BRIEF =>
Nothing but the lines from the one with "手紙を書く流倍率sslink iPod touch6" through the end of the listing should be reproduced, each exactly and with pictures omitted.

STORED DATA =>
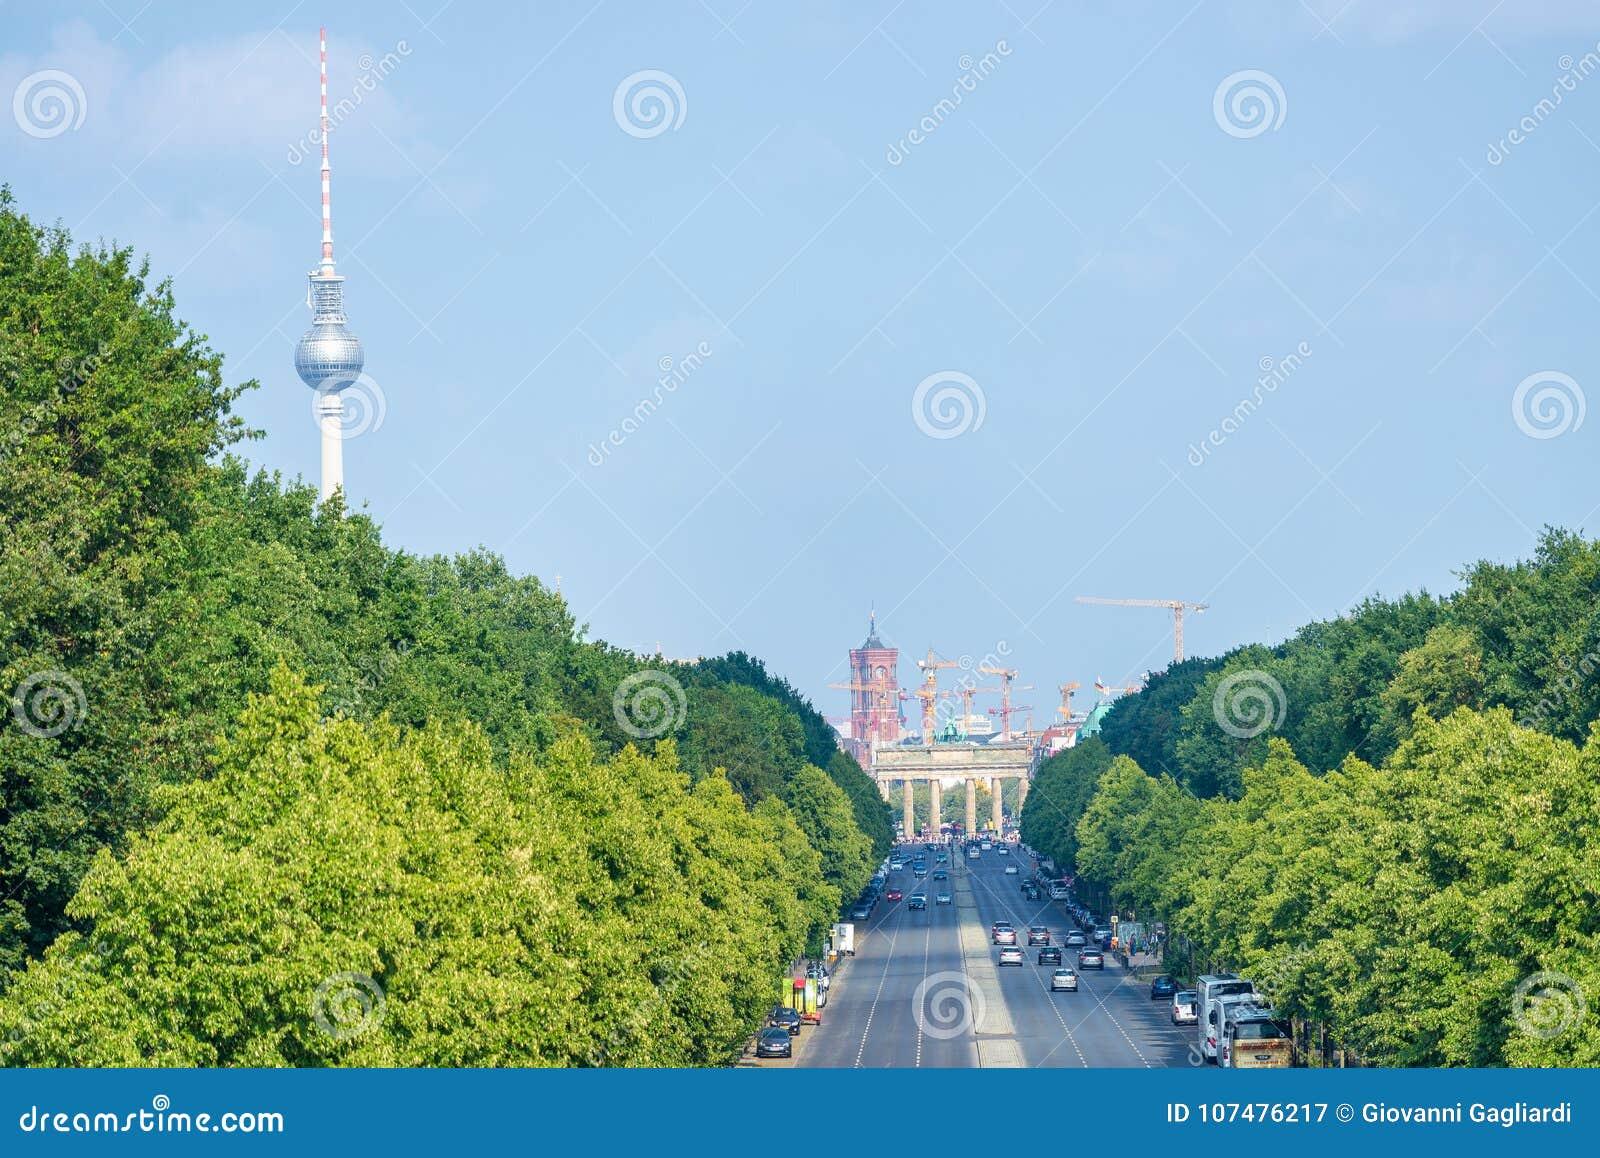 BERLIM, ALEMANHA - 24 DE JULHO DE 2016: Skyline da cidade ao longo da avenida longa,
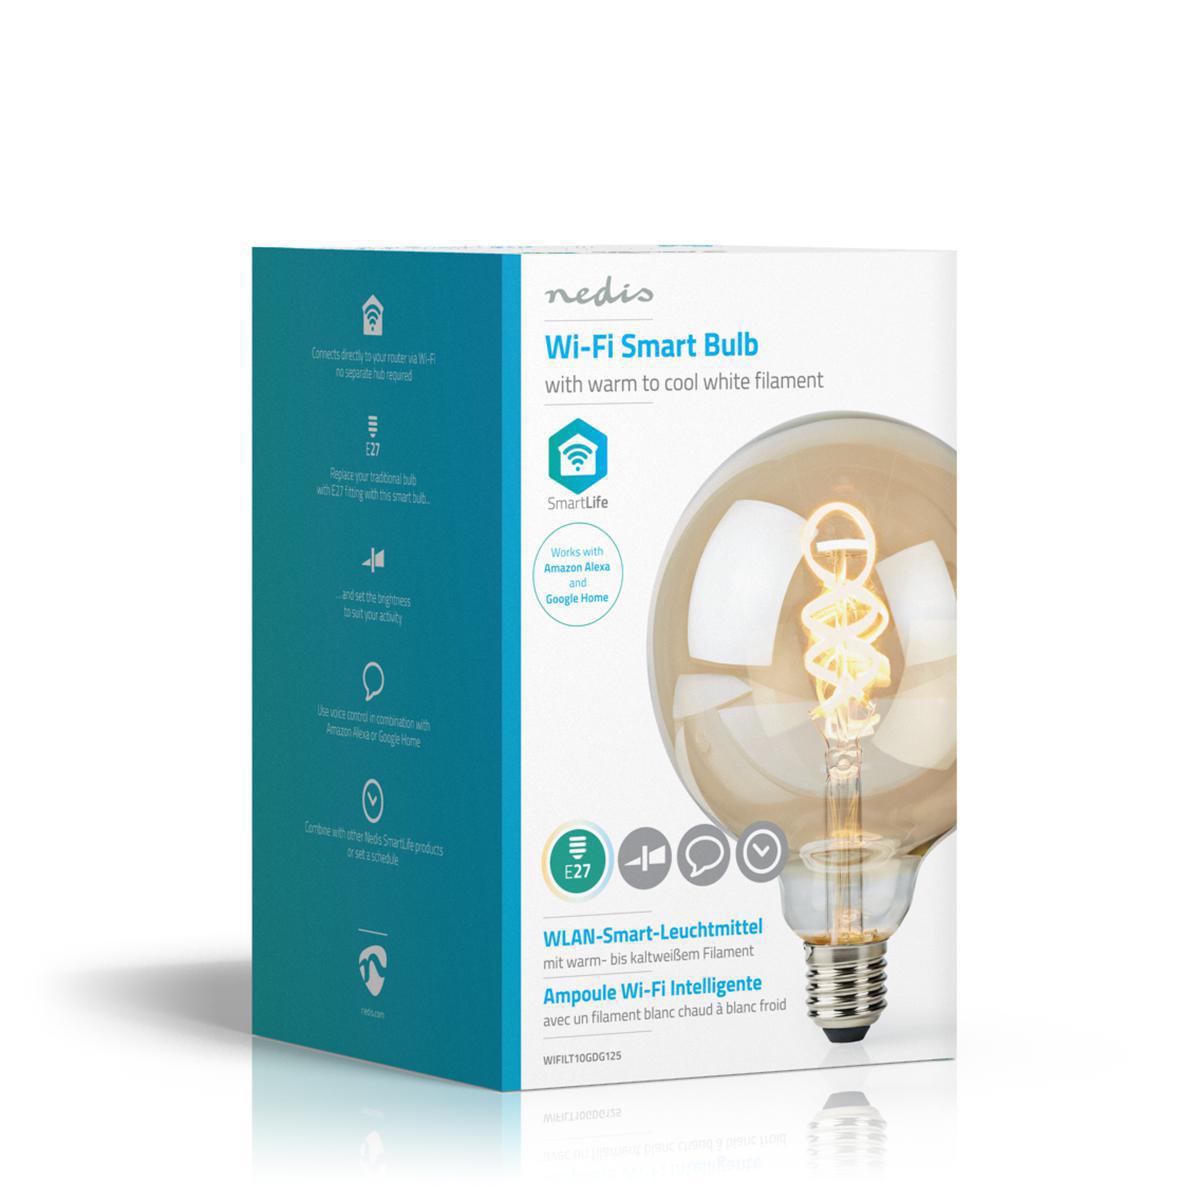 Globe spiraal lamp G125 - 125mm - LED slimme lamp - Amber - dimbaar - app besturing - filament - zijkant doos
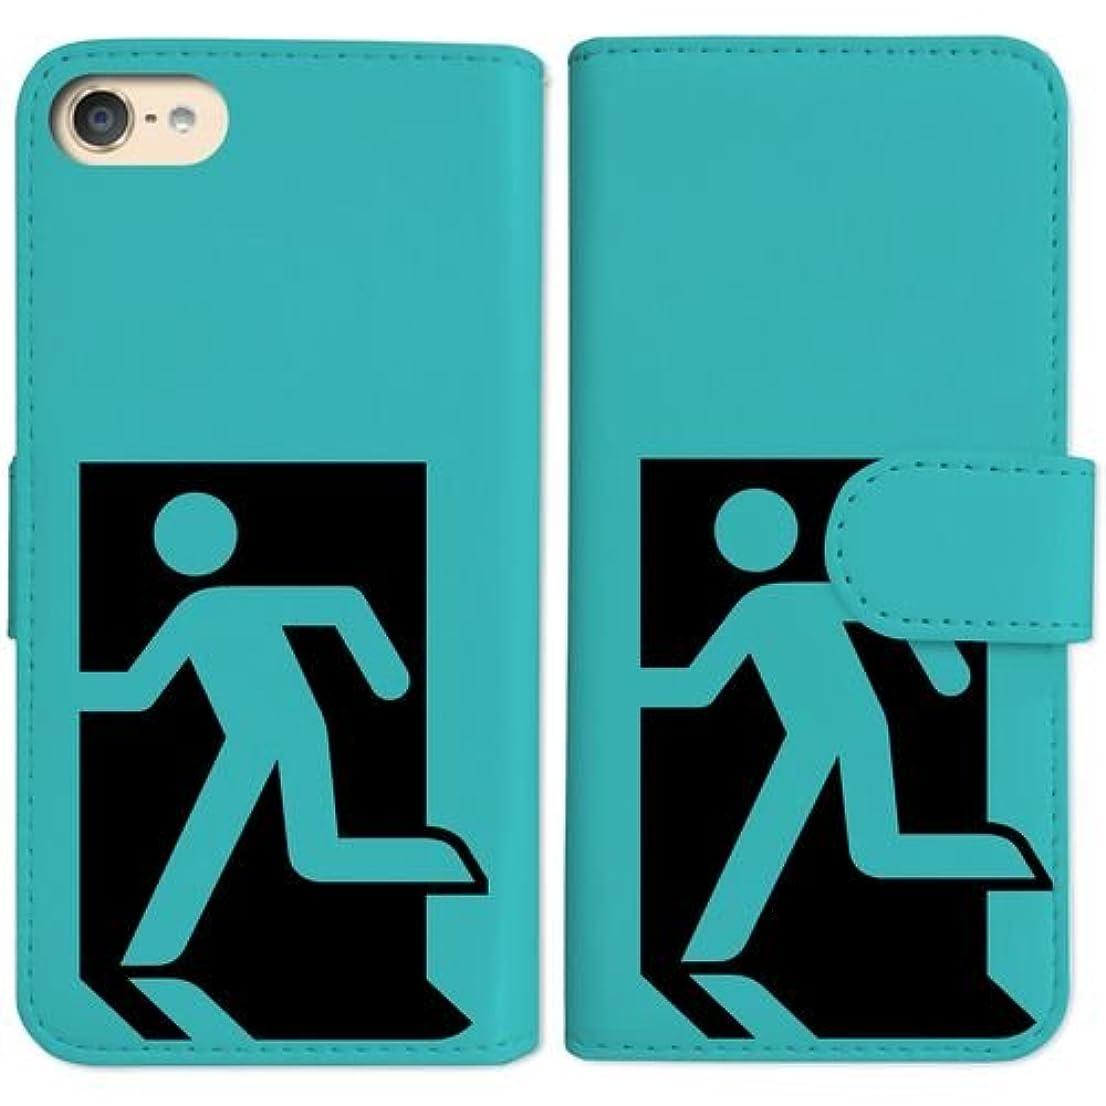 手紙を書く流倍率sslink iPod touch6 アイポッドタッチ6 手帳型 ブルー ケース 非常口(ブラック) ダイアリータイプ 横開き カード収納 フリップ カバー
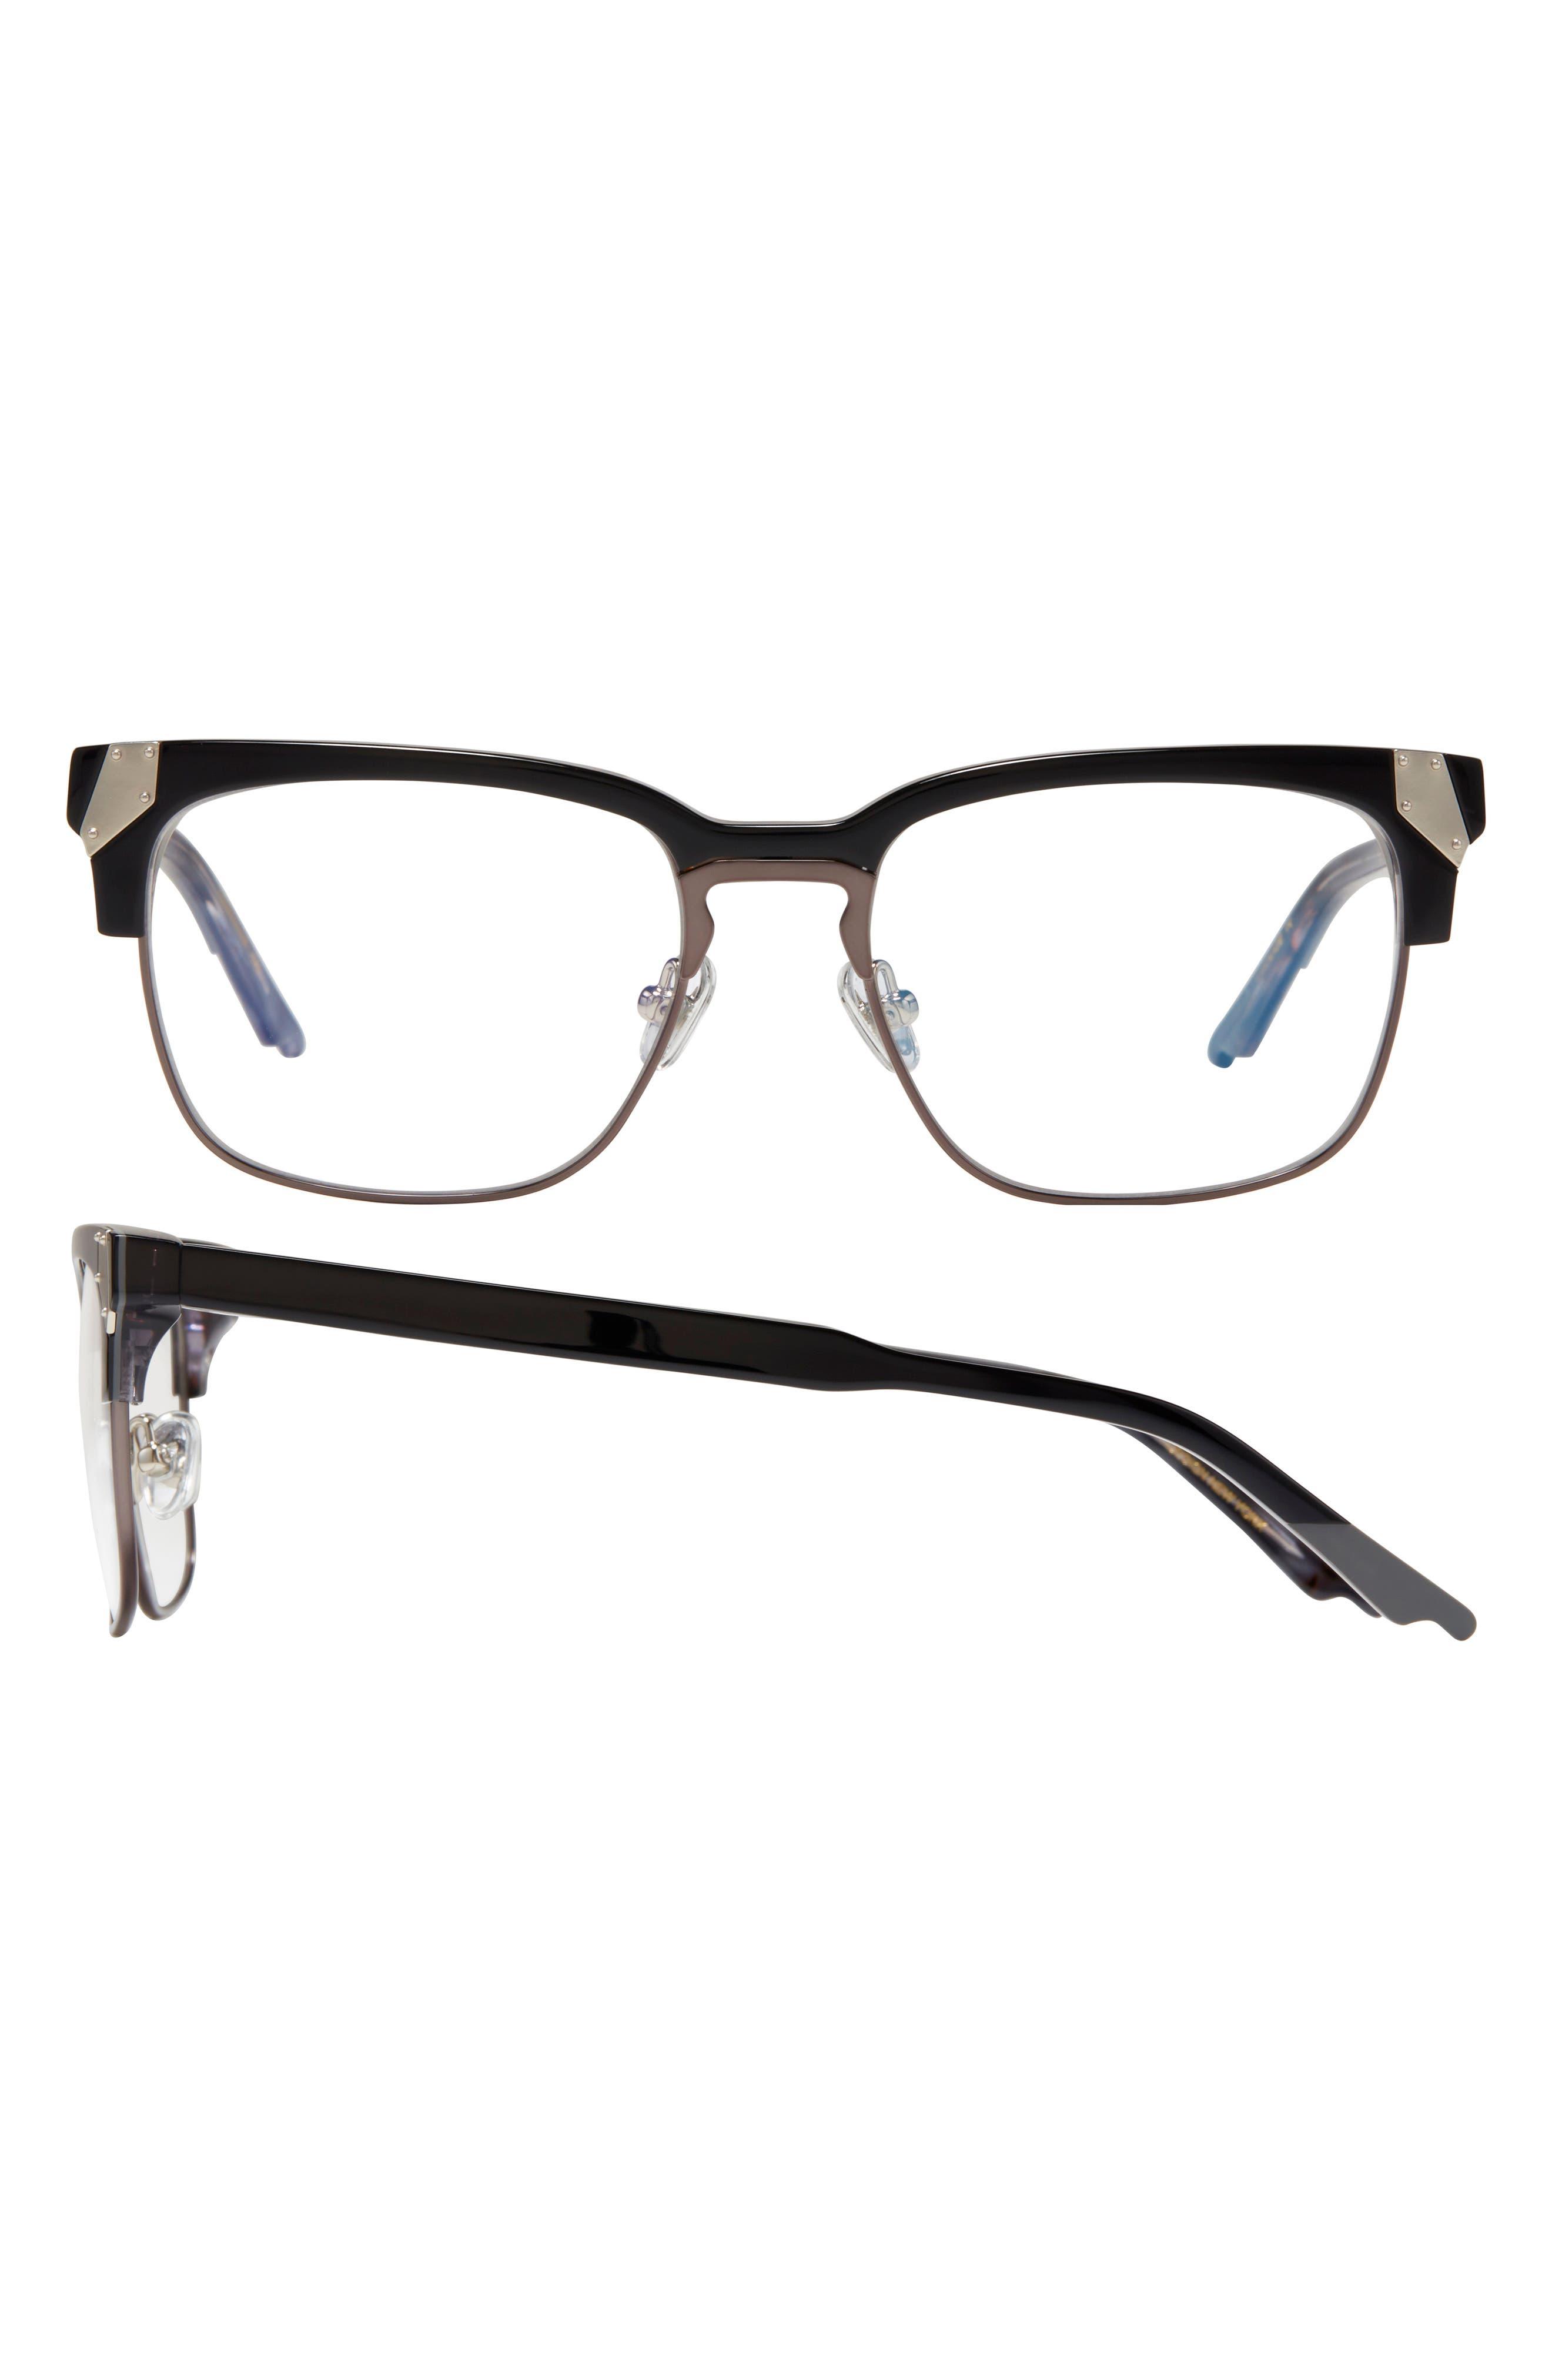 Imagine 54mm Rectangular Blue Light Filtering Glasses

RESPONSE AREA =>
 手紙を書く流倍率sslink iPod touch6 アイポッドタッチ6 手帳型 ブルー ケース 非常口(ブラック) ダイアリータイプ 横開き カード収納 フリップ カバー
 Imagine 54mm Rectangular Blue Light Filtering Glasses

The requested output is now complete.